Since Last Chance prevailed in small claims court, its claims were not "unjustifiable". If attorney fees were awarded unsuccessful small claims defendants prevailing on appeal without requiring prior notice or a settlement offer, one of the purposes of RCW 4.84.290 and the purpose for small claims departments would be thwarted. A party should be allowed to pursue a meritorious small claim without fear that not only may a small claims judgment be reversed on appeal, the party may be held liable for attorney fees in an amount exceeding the small claims judgment without notice and the opportunity to settle.

The record fails to show Last Chance was given notice of Stephenses' attempt to seek attorney fees. The fees were improperly awarded.

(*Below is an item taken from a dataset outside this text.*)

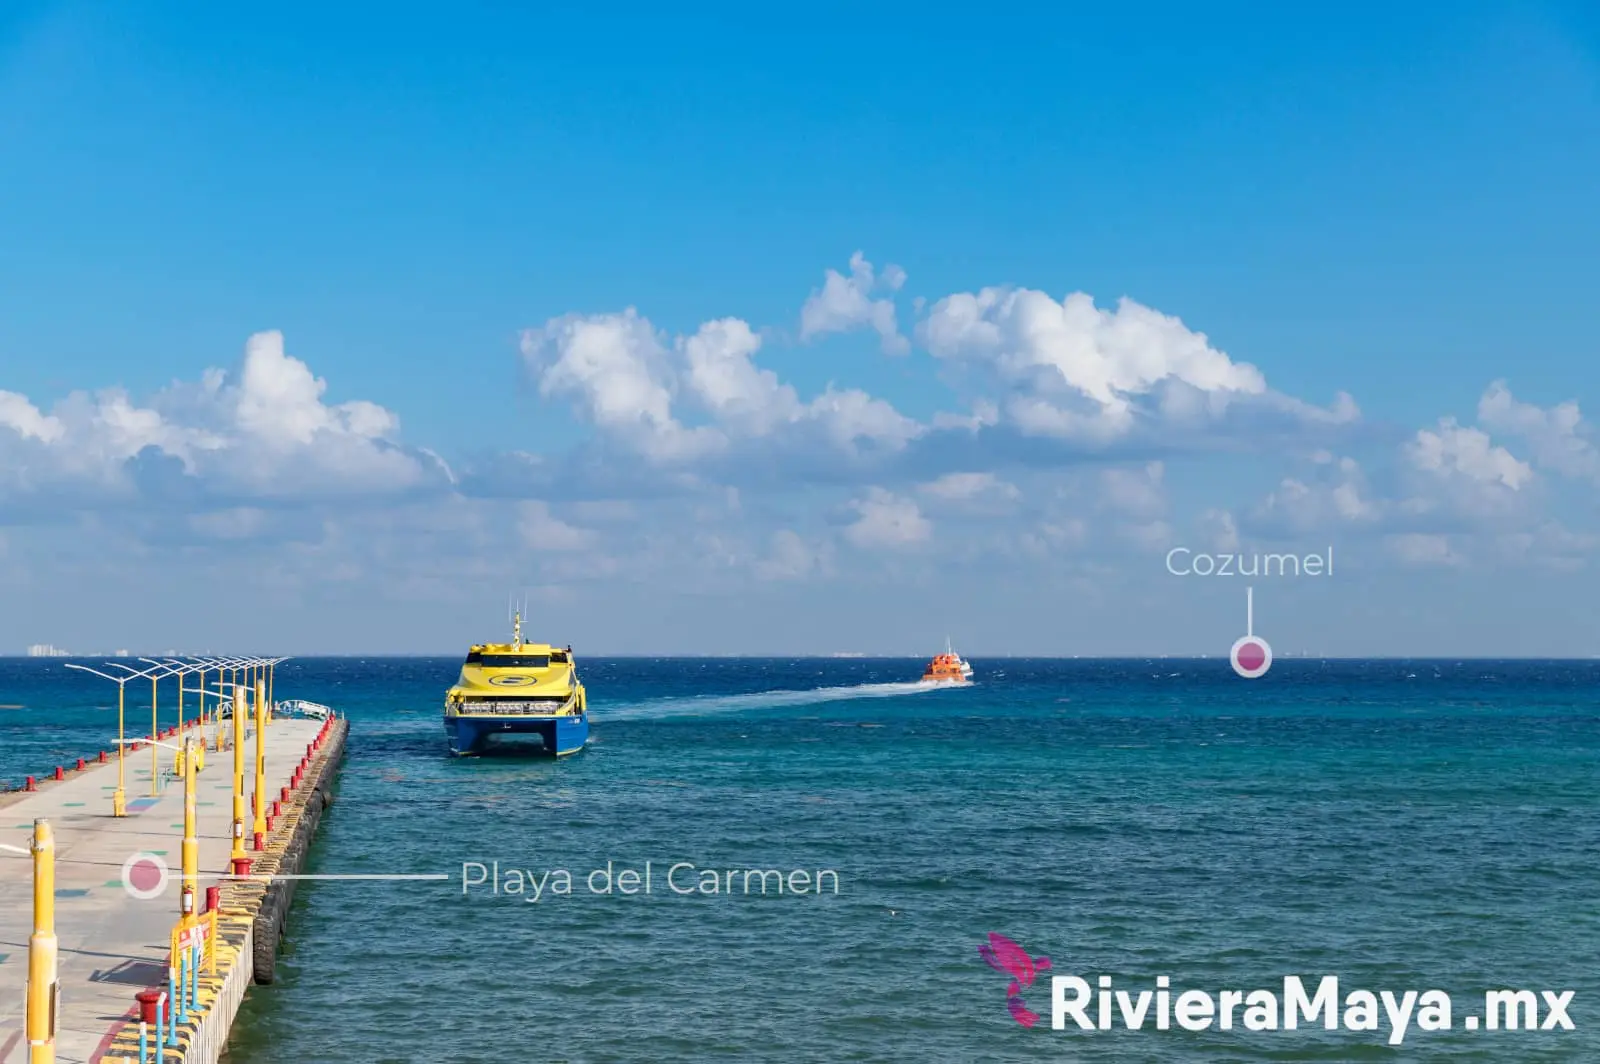 cuanto cuesta el ferrari a cozumel - Cuánto cuesta el ferry a Cozumel desde Playa del Carmen

We affirm the Superior Court's dismissal of the lawsuits brought by Last Chance and reverse the award of attorney fees.

SHIELDS, C.J., and SWEENEY, J., concur.

NOTES

[1] RCW 12.40.120 provides:

"No appeal shall be permitted from a judgment of the small claims department of the district court where the amount claimed was less than one hundred dollars. No appeal shall be permitted by a party who requested the exercise of jurisdiction by the small claims department where the amount claimed was less than one thousand dollars."

[2] RCW 12.36 governs appeals of decisions rendered by "justices of the peace" in "justice court". The Court Improvement Act of 1984 provides that all references to "justices of the peace" and "justice courts" in "other titles of the Revised Code of Washington" should be construed as meaning district court judges and district courts. RCW 3.30.015.

[3] RCW 4.84.250 provides:

"Notwithstanding any other provisions of chapter 4.84 RCW and RCW 12.20.060, in any action for damages where the amount pleaded by the prevailing party as hereinafter defined, exclusive of costs, is seven thousand five hundred dollars or less, there shall be taxed and allowed to the prevailing party as a part of the costs of the action a reasonable amount to be fixed by the court as attorneys' fees. After July 1, 1985, the maximum amount of the pleading under this section shall be ten thousand dollars."

[4] RCW 4.84.290 states in pertinent part: "[I]f the prevailing party on appeal would be entitled to attorneys' fees under the provisions of RCW 4.84.250, the court deciding the appeal shall allow to the prevailing party such additional amount as the court shall adjudge reasonable as attorneys' fees for the appeal."